The results of the RMSE from each parameter calculation are shown in Table 4. This RMSE was calculated through 200 replications, with each replication generate estimated value from each parameter. This approach allows us to assess the error for each parameter across all replications. In the generated normal distribution scenario, the RMSE value of the sigma parameter in the neo-normal MSAR MSN-Burr model is slightly higher than in the normal MSAR model. In the generated double-exponential and generated Student-t distribution scenarios, the RMSE value of the p parameter in the neo-normal MSAR MSN-Burr model is slightly higher than normal MSAR. This doesn’t mean that the neo-normal MSAR MSN-Burr has poor performance. From several explanations given, it can be concluded that the MSAR model that uses MSN-Burr distributed error can detect symmetric random data points from the normal, double exponential, and Student-t distribution.

Table 4.

Root-Mean-Square Error (RMSE) for the Estimated Parameter of Three Scenario Simulations for Normal, Double Exponential, and Student-t Distributions.

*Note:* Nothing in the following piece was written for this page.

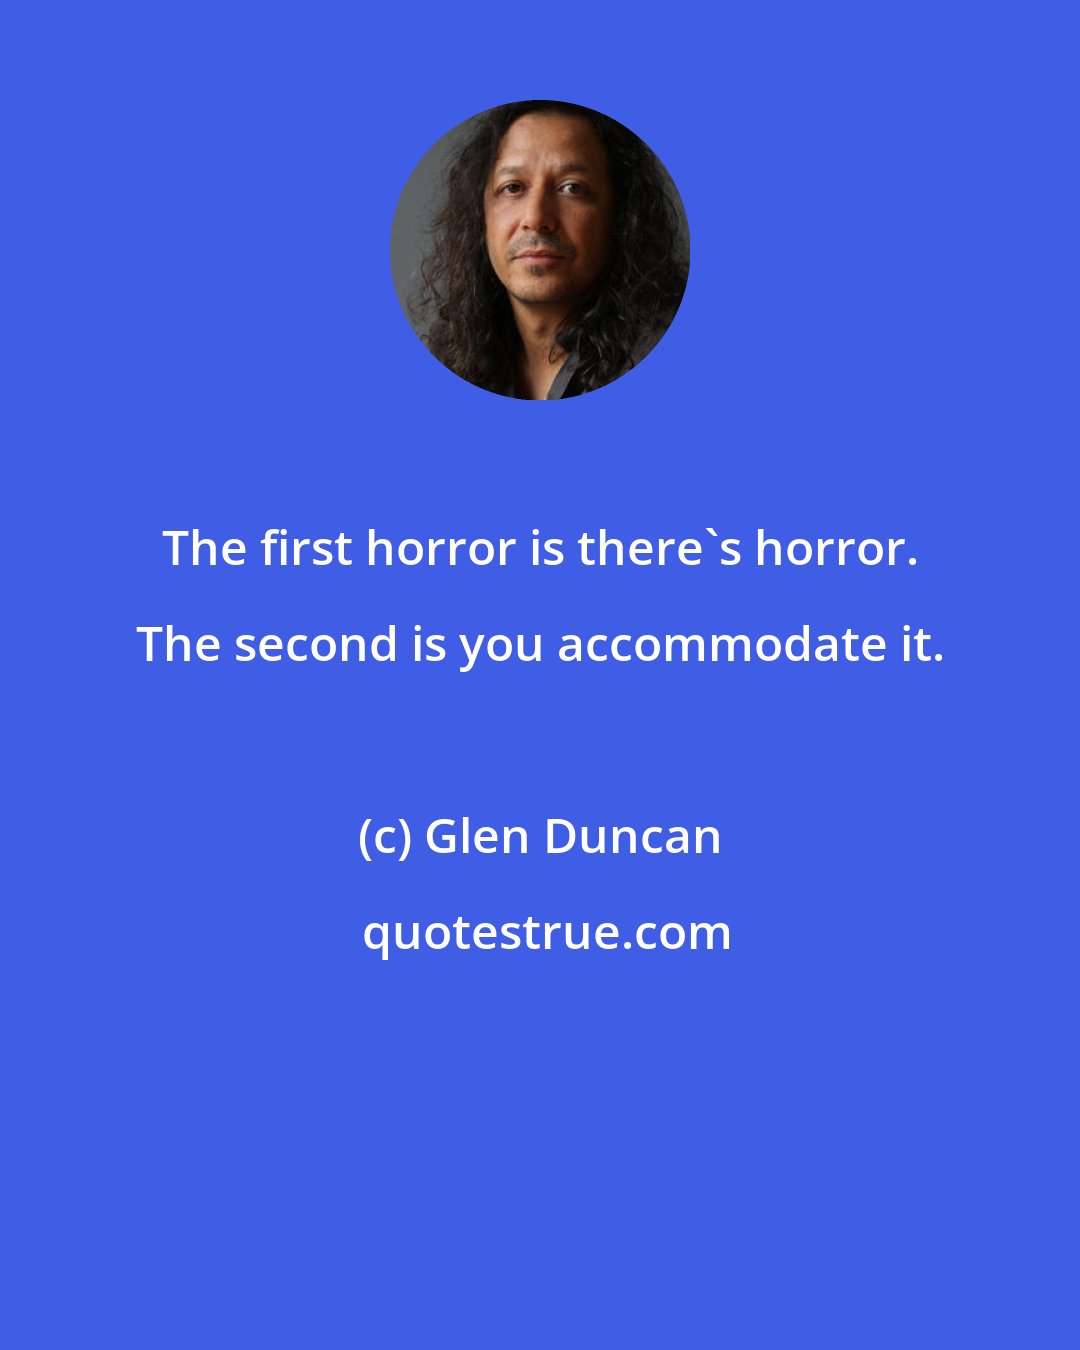 Glen Duncan: The first horror is there's horror. The second is you accommodate it.

10.1177_11786221241272391-table7.tif

We also calculate the RMSE for each observation to find out whether the predicted value is around what the observation should be or not. This RMSE comparison was carried out by the normal MSAR model with the MSN-Burr MSAR to find out which model is better at capturing symmetrical patterns in the three simulation scenarios. RMSE calculations for predicted values from observations are presented in Table 5.

Table 5.

Root-Mean-Square Error (RMSE) for Predicted Observation of Three Scenario Simulation for Normal, Double Exponential, and Student-t Distributions.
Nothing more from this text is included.